• [DIRECTIONS]: Make an exact transcript of the lines in the data below, starting with the one containing "I Have a BRCA Mutation: What’s Next?" and going on through the one containing "acoustic panels in", with both included and the pictures left out.

• [RECORDS FOR THE TASK]:
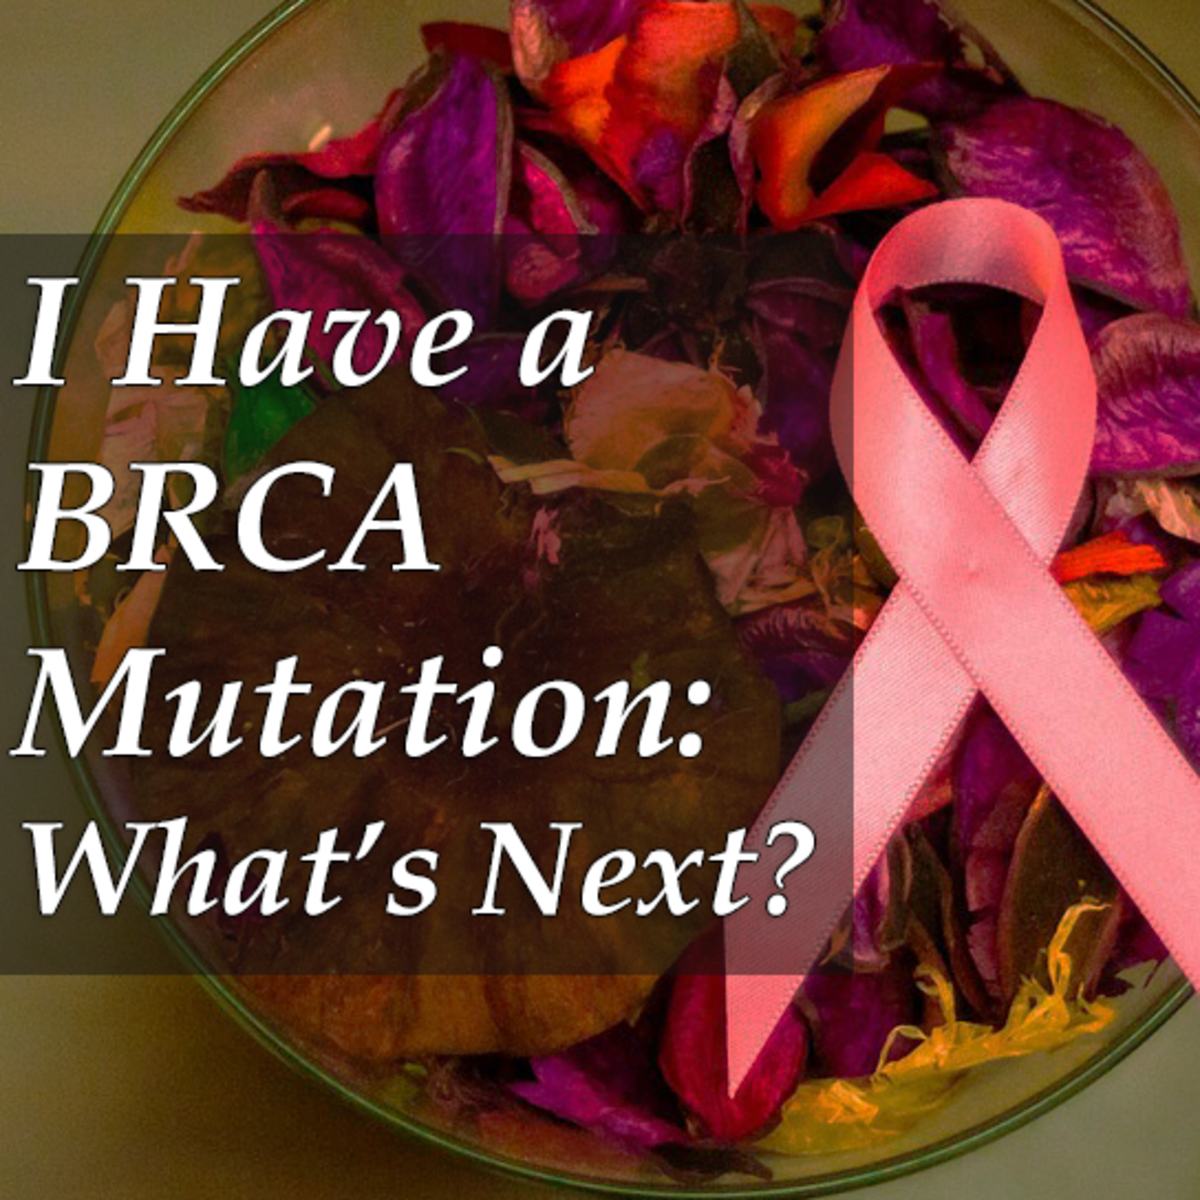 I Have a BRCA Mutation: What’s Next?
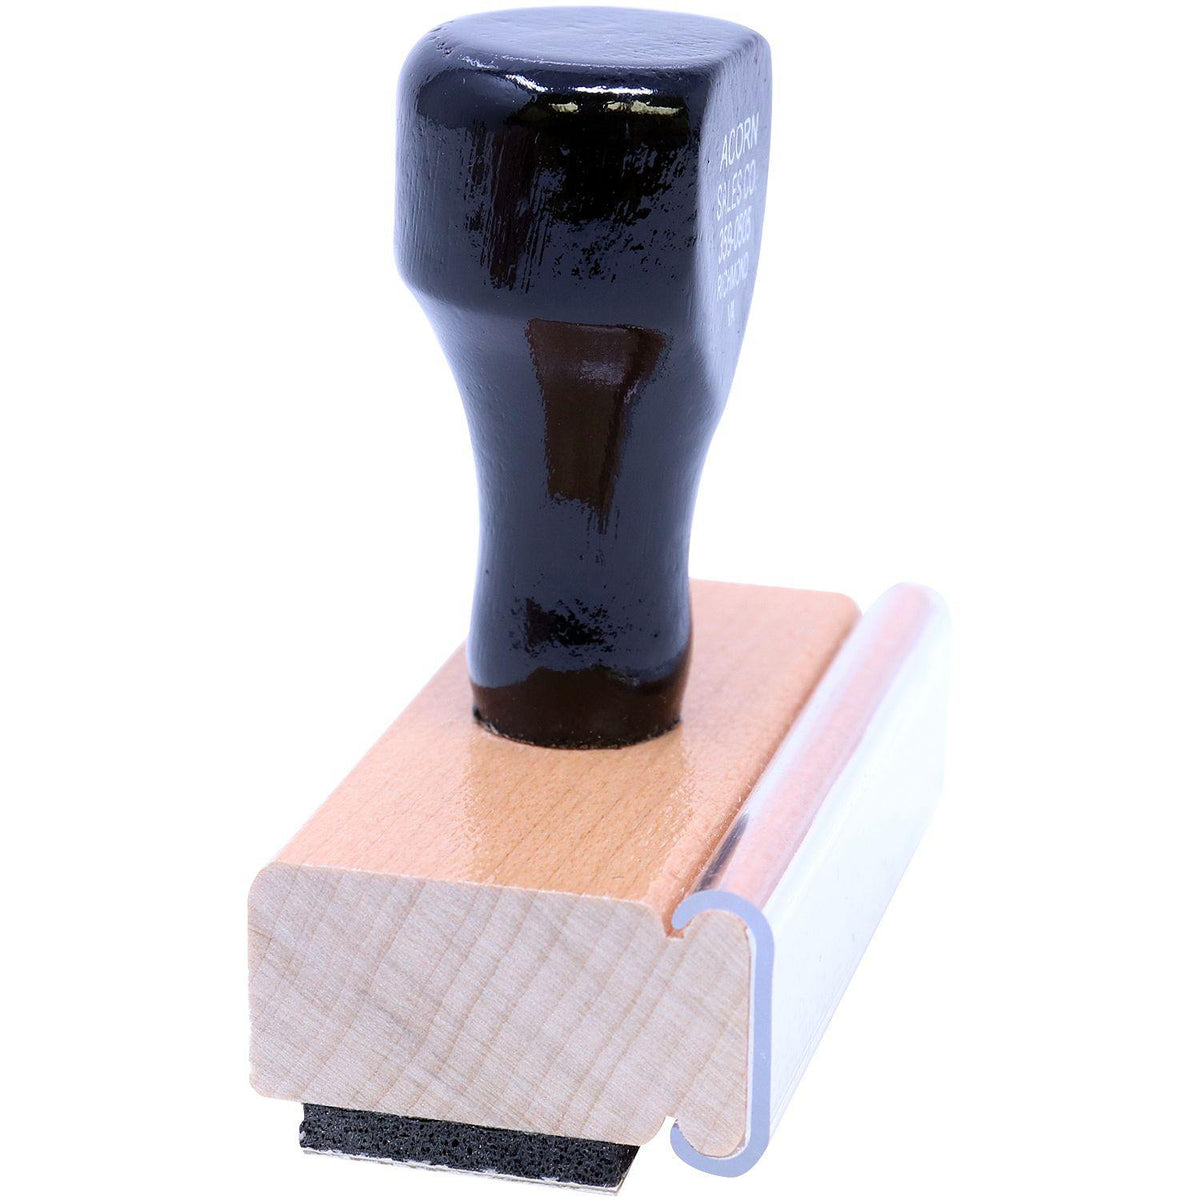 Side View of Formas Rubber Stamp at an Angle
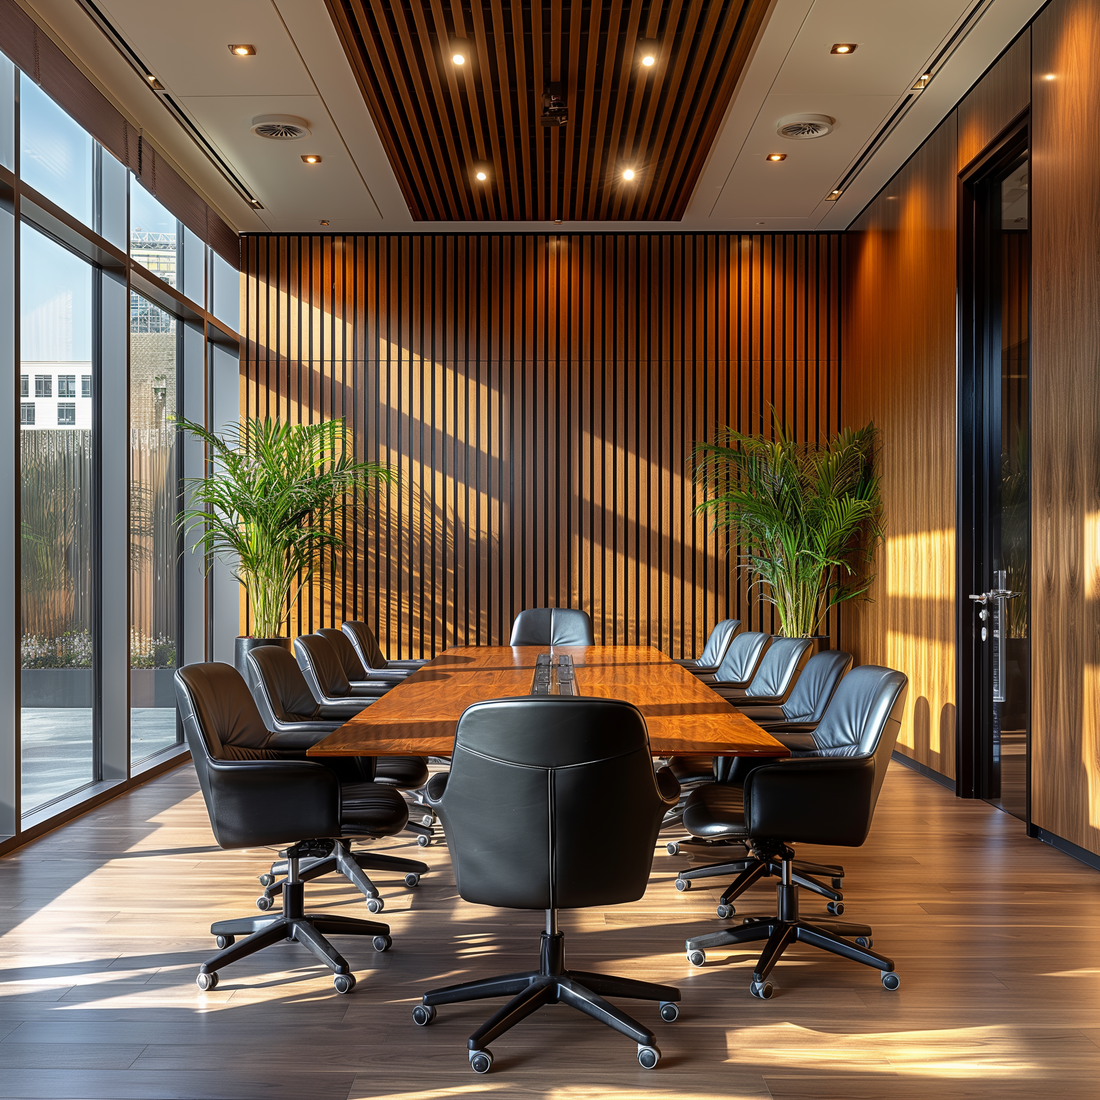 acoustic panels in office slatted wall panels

==

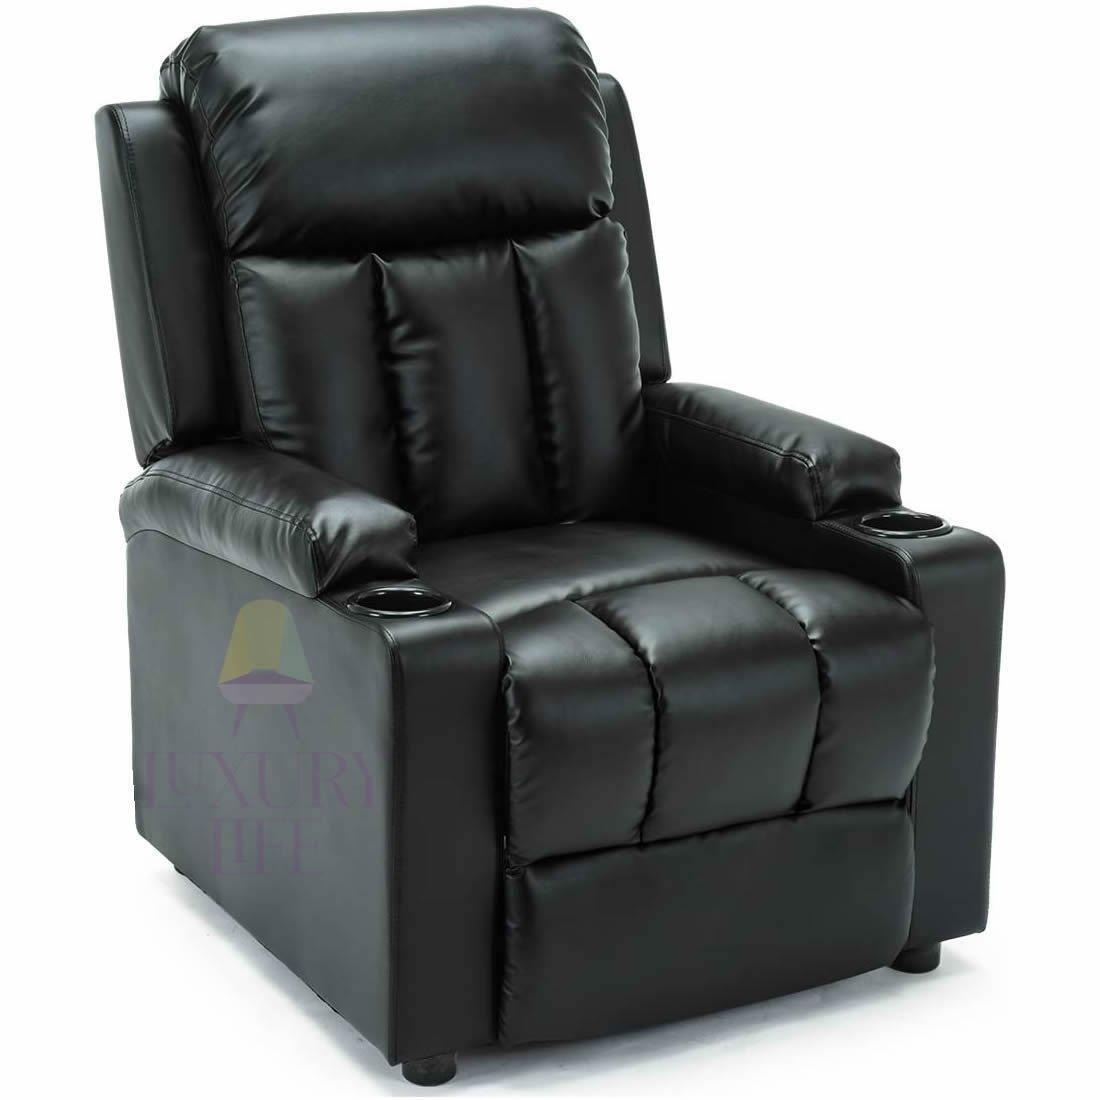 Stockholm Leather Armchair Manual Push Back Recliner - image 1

==

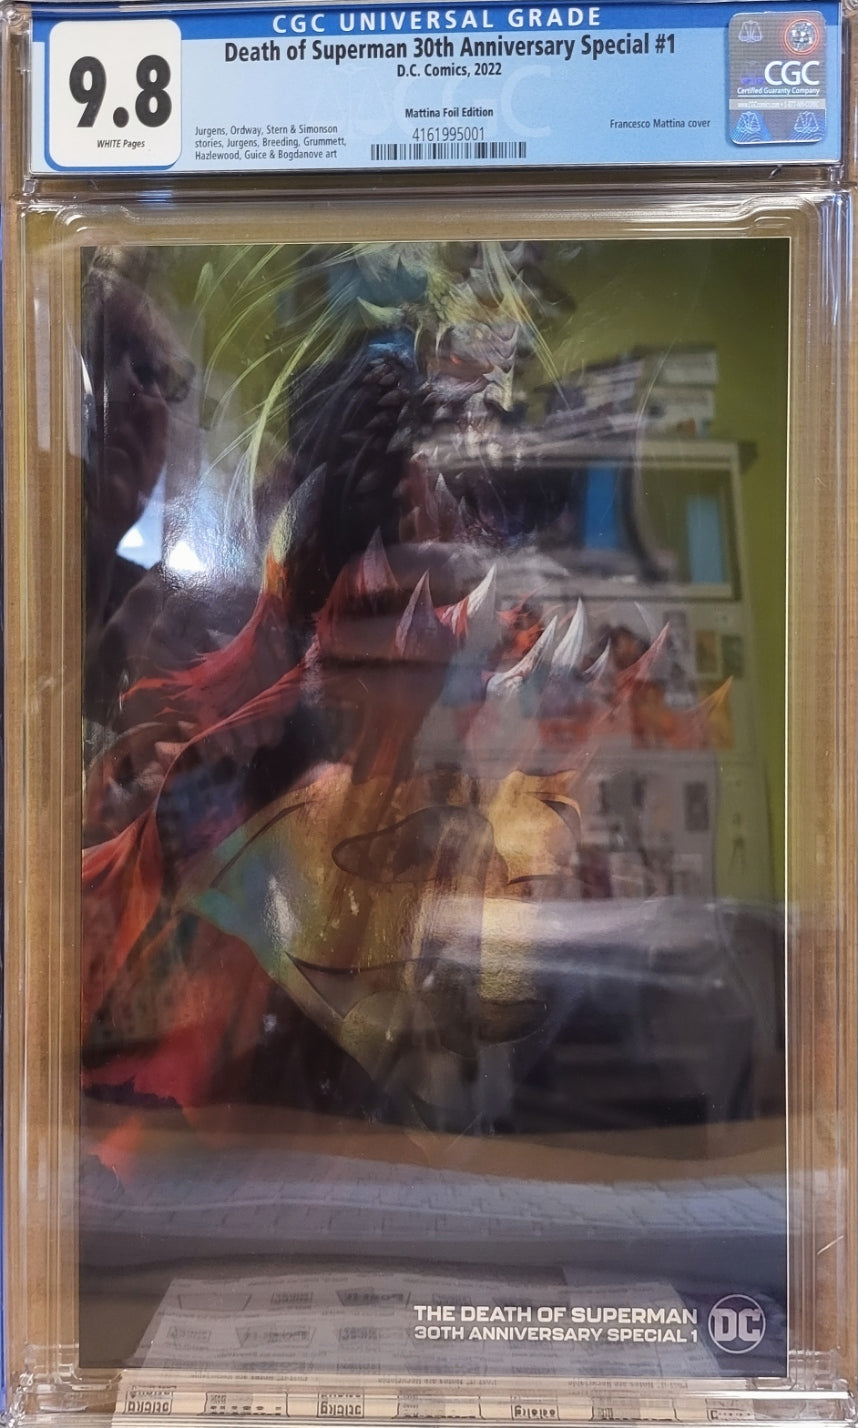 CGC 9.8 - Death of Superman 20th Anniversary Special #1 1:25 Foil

• [WRITTEN RESPONSE]:
 I Have a BRCA Mutation: What’s Next?
 Side View of Formas Rubber Stamp at an Angle
 acoustic panels in office slatted wall panels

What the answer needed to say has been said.